━━ Supplied information
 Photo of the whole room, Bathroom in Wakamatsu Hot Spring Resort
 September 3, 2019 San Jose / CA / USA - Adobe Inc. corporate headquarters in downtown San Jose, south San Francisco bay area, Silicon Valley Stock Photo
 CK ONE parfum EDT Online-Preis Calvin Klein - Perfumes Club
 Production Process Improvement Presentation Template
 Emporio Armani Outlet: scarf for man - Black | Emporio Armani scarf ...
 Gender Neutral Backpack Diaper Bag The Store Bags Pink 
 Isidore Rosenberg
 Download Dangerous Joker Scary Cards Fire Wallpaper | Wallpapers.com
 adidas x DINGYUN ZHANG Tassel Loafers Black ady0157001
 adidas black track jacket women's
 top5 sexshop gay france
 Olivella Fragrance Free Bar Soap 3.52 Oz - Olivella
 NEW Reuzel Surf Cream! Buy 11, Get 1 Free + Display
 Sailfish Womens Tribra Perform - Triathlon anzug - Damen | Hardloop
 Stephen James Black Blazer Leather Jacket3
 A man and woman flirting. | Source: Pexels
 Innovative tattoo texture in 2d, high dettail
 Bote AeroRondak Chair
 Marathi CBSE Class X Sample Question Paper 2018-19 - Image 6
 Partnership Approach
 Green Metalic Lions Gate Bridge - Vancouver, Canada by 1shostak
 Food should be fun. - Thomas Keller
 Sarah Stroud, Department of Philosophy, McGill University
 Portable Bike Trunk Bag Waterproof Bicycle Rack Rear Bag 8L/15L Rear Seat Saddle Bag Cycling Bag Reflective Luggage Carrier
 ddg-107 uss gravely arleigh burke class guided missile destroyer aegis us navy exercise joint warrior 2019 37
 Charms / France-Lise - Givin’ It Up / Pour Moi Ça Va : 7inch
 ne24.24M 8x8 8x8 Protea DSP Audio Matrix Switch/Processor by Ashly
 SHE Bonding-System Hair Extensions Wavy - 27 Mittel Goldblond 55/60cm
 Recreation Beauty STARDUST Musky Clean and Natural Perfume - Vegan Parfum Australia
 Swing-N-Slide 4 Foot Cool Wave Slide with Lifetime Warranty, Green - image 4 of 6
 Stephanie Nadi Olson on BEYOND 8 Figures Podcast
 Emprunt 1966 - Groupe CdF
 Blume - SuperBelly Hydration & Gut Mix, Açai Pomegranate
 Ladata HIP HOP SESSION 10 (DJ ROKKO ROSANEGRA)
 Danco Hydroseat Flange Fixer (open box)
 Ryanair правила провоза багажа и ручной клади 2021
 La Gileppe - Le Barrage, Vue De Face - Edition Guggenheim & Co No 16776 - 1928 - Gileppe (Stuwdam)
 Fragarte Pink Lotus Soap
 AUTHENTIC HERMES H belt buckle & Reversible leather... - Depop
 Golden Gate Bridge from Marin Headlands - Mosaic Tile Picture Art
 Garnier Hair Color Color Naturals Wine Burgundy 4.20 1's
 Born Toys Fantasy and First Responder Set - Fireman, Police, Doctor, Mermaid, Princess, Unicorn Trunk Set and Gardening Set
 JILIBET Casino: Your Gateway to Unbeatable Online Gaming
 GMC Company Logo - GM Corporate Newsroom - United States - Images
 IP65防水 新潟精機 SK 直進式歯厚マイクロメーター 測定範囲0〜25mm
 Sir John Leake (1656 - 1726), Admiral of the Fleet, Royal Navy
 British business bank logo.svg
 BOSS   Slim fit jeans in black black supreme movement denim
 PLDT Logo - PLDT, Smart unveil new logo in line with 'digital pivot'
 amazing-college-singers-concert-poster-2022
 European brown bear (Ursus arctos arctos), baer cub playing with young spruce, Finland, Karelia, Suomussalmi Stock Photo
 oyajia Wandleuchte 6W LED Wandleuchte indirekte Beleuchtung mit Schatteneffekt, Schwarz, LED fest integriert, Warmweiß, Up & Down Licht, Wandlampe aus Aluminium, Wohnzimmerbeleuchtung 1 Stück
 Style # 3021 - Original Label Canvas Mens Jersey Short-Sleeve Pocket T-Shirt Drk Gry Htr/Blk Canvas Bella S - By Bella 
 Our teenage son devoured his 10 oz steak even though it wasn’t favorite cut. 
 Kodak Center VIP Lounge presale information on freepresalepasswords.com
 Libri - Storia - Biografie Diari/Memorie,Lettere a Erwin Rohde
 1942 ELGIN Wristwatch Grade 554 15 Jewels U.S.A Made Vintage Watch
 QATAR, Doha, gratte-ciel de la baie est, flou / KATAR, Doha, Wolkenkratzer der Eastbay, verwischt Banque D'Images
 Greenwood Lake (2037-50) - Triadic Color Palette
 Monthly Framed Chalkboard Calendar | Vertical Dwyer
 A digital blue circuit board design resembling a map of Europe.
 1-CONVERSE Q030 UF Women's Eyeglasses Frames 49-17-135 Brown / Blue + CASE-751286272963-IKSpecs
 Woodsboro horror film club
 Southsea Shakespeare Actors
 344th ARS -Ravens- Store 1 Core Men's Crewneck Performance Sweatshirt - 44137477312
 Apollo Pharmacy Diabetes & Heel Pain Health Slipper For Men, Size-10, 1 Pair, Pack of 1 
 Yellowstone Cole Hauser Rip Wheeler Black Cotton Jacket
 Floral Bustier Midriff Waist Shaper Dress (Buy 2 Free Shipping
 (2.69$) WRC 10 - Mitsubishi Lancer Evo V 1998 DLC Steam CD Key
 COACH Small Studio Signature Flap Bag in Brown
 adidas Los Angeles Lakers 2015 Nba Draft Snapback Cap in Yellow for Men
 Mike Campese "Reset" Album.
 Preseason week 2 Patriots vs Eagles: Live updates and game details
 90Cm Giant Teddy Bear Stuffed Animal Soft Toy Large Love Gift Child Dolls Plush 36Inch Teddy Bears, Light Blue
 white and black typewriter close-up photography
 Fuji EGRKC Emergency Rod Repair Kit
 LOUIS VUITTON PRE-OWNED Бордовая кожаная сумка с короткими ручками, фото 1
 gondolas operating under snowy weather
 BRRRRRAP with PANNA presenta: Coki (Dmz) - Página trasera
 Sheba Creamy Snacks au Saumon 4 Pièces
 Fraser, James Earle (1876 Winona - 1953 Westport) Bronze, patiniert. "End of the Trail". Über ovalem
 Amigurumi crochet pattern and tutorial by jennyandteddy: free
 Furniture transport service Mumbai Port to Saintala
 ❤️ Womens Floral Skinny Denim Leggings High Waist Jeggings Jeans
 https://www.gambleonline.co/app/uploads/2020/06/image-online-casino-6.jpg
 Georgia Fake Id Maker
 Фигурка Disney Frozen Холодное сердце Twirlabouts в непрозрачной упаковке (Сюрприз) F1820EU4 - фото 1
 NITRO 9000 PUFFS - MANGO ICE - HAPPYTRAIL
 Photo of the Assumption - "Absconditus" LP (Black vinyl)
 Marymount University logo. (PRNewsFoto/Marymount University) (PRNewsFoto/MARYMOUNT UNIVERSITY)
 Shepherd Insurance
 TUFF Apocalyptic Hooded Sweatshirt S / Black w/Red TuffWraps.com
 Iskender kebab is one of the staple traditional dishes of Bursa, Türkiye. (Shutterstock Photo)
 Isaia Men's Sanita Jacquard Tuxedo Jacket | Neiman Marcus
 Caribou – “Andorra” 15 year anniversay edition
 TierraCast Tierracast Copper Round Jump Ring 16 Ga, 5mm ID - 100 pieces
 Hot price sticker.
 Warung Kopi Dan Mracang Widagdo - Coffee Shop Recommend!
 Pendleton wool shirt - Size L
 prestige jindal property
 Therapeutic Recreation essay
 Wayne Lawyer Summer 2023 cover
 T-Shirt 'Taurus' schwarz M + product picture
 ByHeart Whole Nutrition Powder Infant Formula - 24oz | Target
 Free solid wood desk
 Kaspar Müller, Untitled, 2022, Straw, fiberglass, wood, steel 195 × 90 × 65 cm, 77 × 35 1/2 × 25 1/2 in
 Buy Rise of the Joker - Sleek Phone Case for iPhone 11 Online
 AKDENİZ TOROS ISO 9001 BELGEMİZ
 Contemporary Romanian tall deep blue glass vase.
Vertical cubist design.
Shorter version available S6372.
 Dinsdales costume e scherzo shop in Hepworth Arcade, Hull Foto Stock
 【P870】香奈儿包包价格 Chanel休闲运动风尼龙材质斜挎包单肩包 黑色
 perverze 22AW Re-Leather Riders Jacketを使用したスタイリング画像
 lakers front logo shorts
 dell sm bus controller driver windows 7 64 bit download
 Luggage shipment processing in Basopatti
━━━━
■ What is being asked: In the records above, find the line with "Woodsboro horror film club"; write out exactly that line and each one after it, stopping after the line with "Floral Bustier Midriff".

■ Written reply:
 Woodsboro horror film club
 Southsea Shakespeare Actors
 344th ARS -Ravens- Store 1 Core Men's Crewneck Performance Sweatshirt - 44137477312
 Apollo Pharmacy Diabetes & Heel Pain Health Slipper For Men, Size-10, 1 Pair, Pack of 1 
 Yellowstone Cole Hauser Rip Wheeler Black Cotton Jacket
 Floral Bustier Midriff Waist Shaper Dress (Buy 2 Free Shipping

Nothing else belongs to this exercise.